You will use the idea of a container component in your Contacts app, so instead of adding the data-fetching logic to the existing ContactsApp component, you will create a new component called ContactsAppContainer on top of it. The old ContactsApp won’t be changed in any way. It will continue to receive data via props.
Note In this sample code, you use the new window.fetch function, which is an easier way to make web requests and handle responses than using XMLHttpRequest. At the time of this writing, only Chrome and Firefox support this new standard, so install and import the whatwg-fetch polyfill from npm. (Polyfill is browser fallback that allows specific functionality to work in browsers that do not have the support for that functionality built in.)
npm install --save whatwg-fetchLet’s start by moving the hard-coded data to a json file (the json file must be in the public or static folder, so it will be served by the development server), as shown in Figure 3-8. Your project folder structure may vary; the important thing to notice is that the file is in the public or static folder that will be served by the web server.
Figure 3-8. The new contacts.json file
The new ContactsAppContainer component is shown in Listing 3-13. No other components were changed, except that instead of rendering ContactsApp you now render ContactsAppContainer to the document (as shown in the last lines of the listing).
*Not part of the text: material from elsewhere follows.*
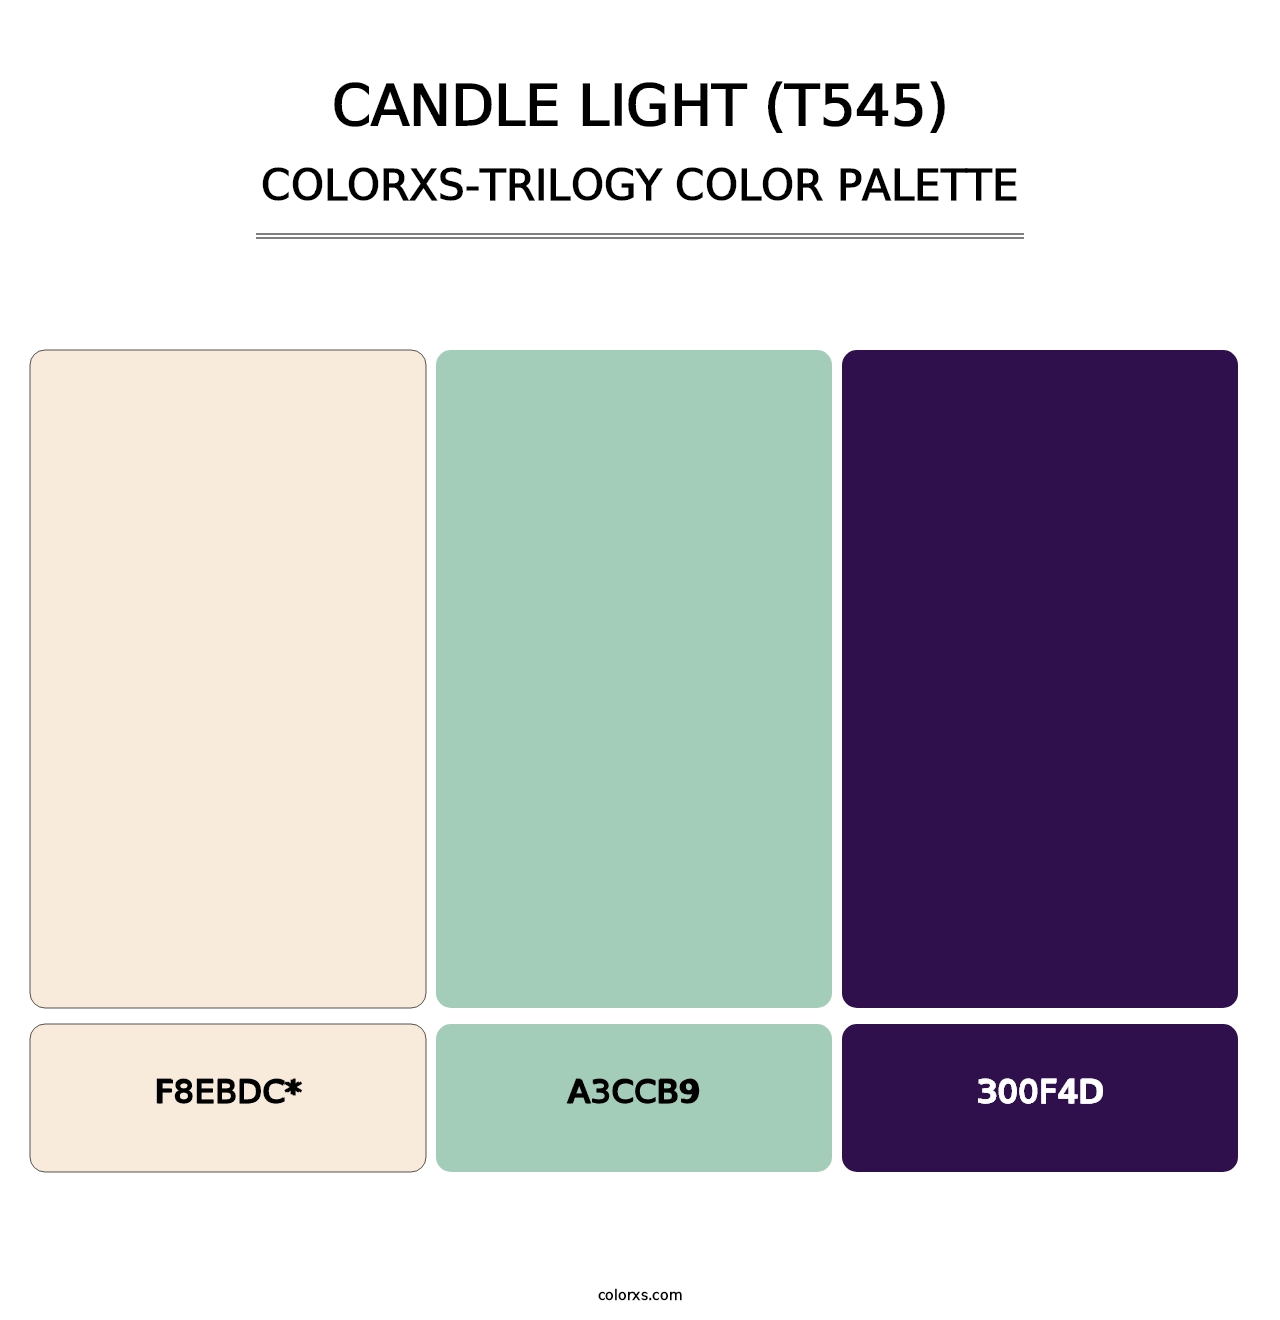 Candle Light (T545) - Colorxs Trilogy Palette

That’s all for remote data fetching. If you reload the Contacts app in the browser, it will look like nothing has changed, but underneath it is now loading the contacts data from an external source.
A Brief Talk About Immutability
React provides a setState method to make changes to the component internal state. Be careful to always use the setState method to update the state of your component’s UI and never manipulate this.state directly. As a rule of thumb, treat this.state as if it were immutable.
There are different reasons for this. For one, by manipulating this.state directly you are circumventing React’s state management, which not only works against the React paradigm but can also be potentially dangerous because calling setState() afterwards may replace the mutation you made. Furthermore, manipulating this.state directly minimizes the possibilities for future performance improvements in the application.
You will learn about performance improvements in later chapters but in many cases it deals with object comparison and checking weather a JavaScript object has changed or not. As it turns out, this is a pretty expensive operation in JavaScript that can generate a lot of overhead, but there’s a simpler and faster way: if any time an object is changed it’s replaced instead edited in place, then the check is orders of magnitude faster (because you can simply compare object references, such as object1 === object2).
That’s the basic idea of immutability. Instead of changing an object, replace it.
Immutability in Plain JavaScript
The main idea behind immutability is just to replace the object instead of changing it, and while this is absolutely possible in plain JavaScript, it’s not the norm. If you’re not careful, you may unintentionally mutate objects directly instead of replacing them. For example, let’s say you have this stateful component that displays data about a voucher for an airline travel (the render method is omitted in this example because you are only investigating the component’s state):
import React, { Component } from ’react’;
import { render } from ’react-dom’;
class Voucher extends Component {
constructor() {
super(...arguments)
this.state = {
passengers:[
’Simmon, Robert A.’,
’Taylor, Kathleen R.’
],
ticket:{
company: ’Dalta’,
flightNo: ’0990’,
departure: {
airport: ’LAS’,
time: ’2016-08-21T10:00:00.000Z’
},
arrival: {
airport: ’MIA’,
time: ’2016-08-21T14:41:10.000Z’
},
codeshare: [
{company:’GL’, flightNo:’9840’},
{company:’TM’, flightNo:’5010’}
]
}
}
}
render() {...}
}
Now, suppose you want to add a passenger to the passengers array. If you’re not careful, you may unintentionally mutate the component state directly. For example,
let updatedPassengers = this.state.passengers;
updatedPassengers.push(’Mitchell, Vincent M.’);
this.setState({passengers:updatedPassengers});
The problem in this sample code, as you may have guessed, is that in JavaScript, objects and arrays are passed by reference. This means that when you say updatedPassengers=this.state.passengers you’re not making a copy of the array; you are just creating a new reference to the same array that is in the current component’s state. Furthermore, by using the array method push, you end up mutating its state directly.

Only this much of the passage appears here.